Related to your question, I had a look at the csv dumps (here are all of them: /outputFiles): counter ‘06’ seems to be there, however we had no data for ‘13’ and ‘16’. Those were the examples of (more recently installed) counters, for which we didn’t have any data collected - therefore there was no file or analysis to produce. Hope this answers your question.

-Andreea

Thanks @andreeaPascu, you’re right. Sorry, my mistake. :wink:

I’ve just again looked over the ones I downloaded and 06 is there. The missing ones were 13, 16, and 23.

For the 23 one, it’s on GitHub but doesn’t seem to be on data.edinburghopendata.info. That’s probably the one I meant instead of “06” but typo’d due to brain fade or something. :wink:

With the original SQLite database you created, would the project I’m putting time into (dbhub.io) be useful for publishing it? (once our basic features are all in place :innocent:)

Hi @justinclift.

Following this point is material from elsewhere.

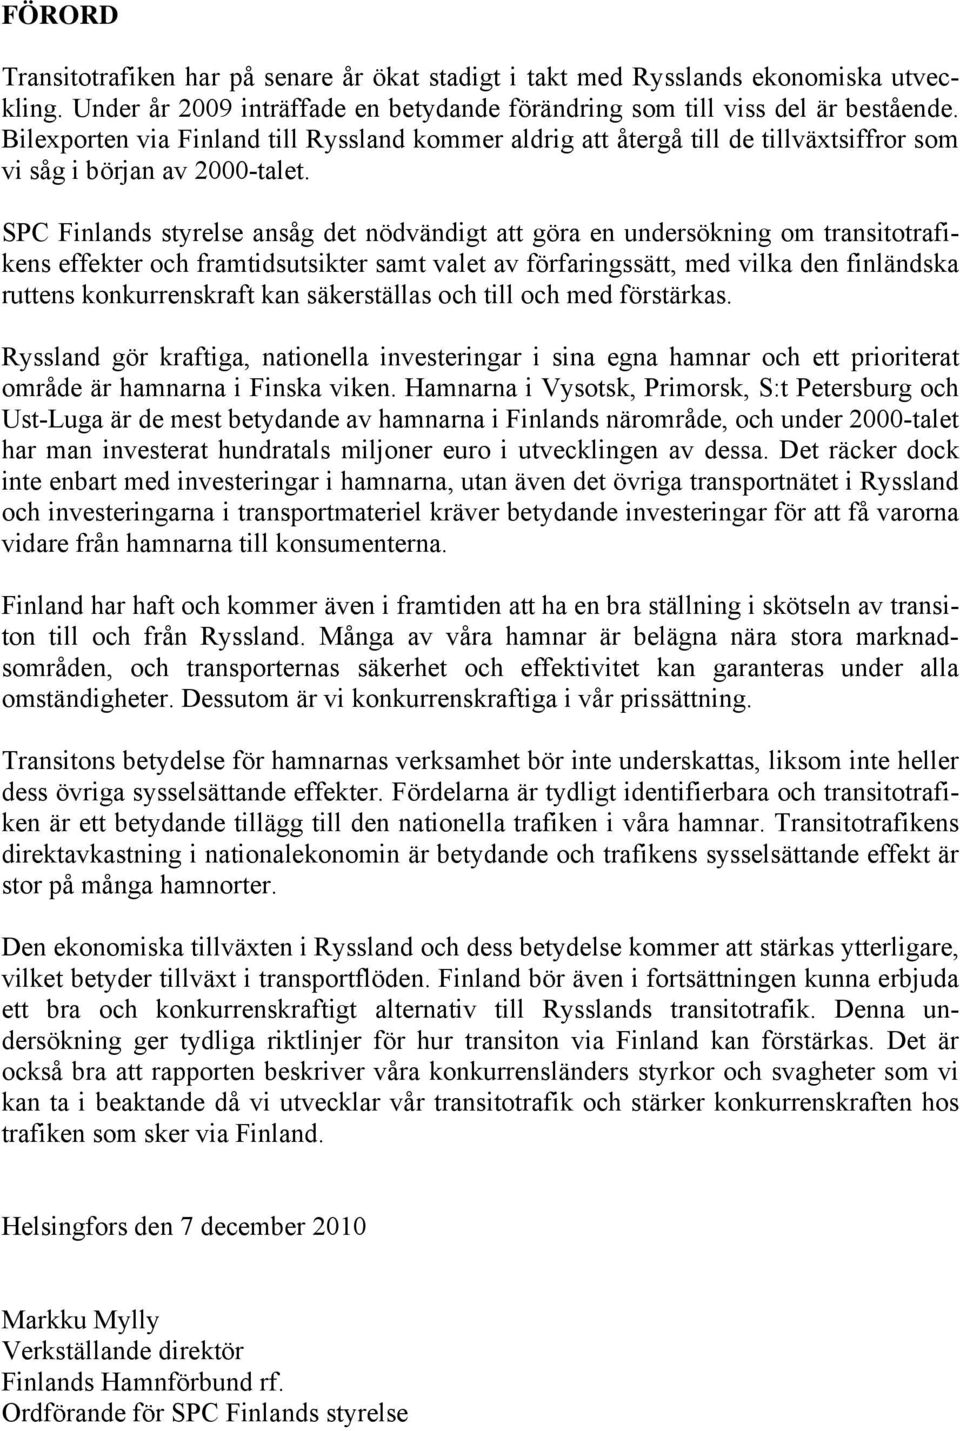 SPC Finlands styrelse ansåg det nödvändigt att göra en undersökning om transitotrafikens effekter och framtidsutsikter samt valet av förfaringssätt, med vilka den finländska ruttens konkurrenskraft

No worries :slight_smile:

You are right about number 23 not appearing the Edinburgh open data portal, and I am not sure why. @ewan_klein do you have any thoughts why number 22 (North Meadow Walk East 1) was added, but 23 (Meadow Walk East 2) was missed out?

Related to dbhub.io, yes, I believe once the platform is ready, we could use it for our db. It is not currently published anywhere and it will be valuable to have it accessible in this format.

-Andreea

Just for the heck of it, imported the CSV files into a database, set the data types manually (ugh), and uploaded it to the development server:

It’s already been helpful in showing up a few things that needed tweaking, but the general layout and responsiveness (on a low end development server) seems ok. :slight_smile: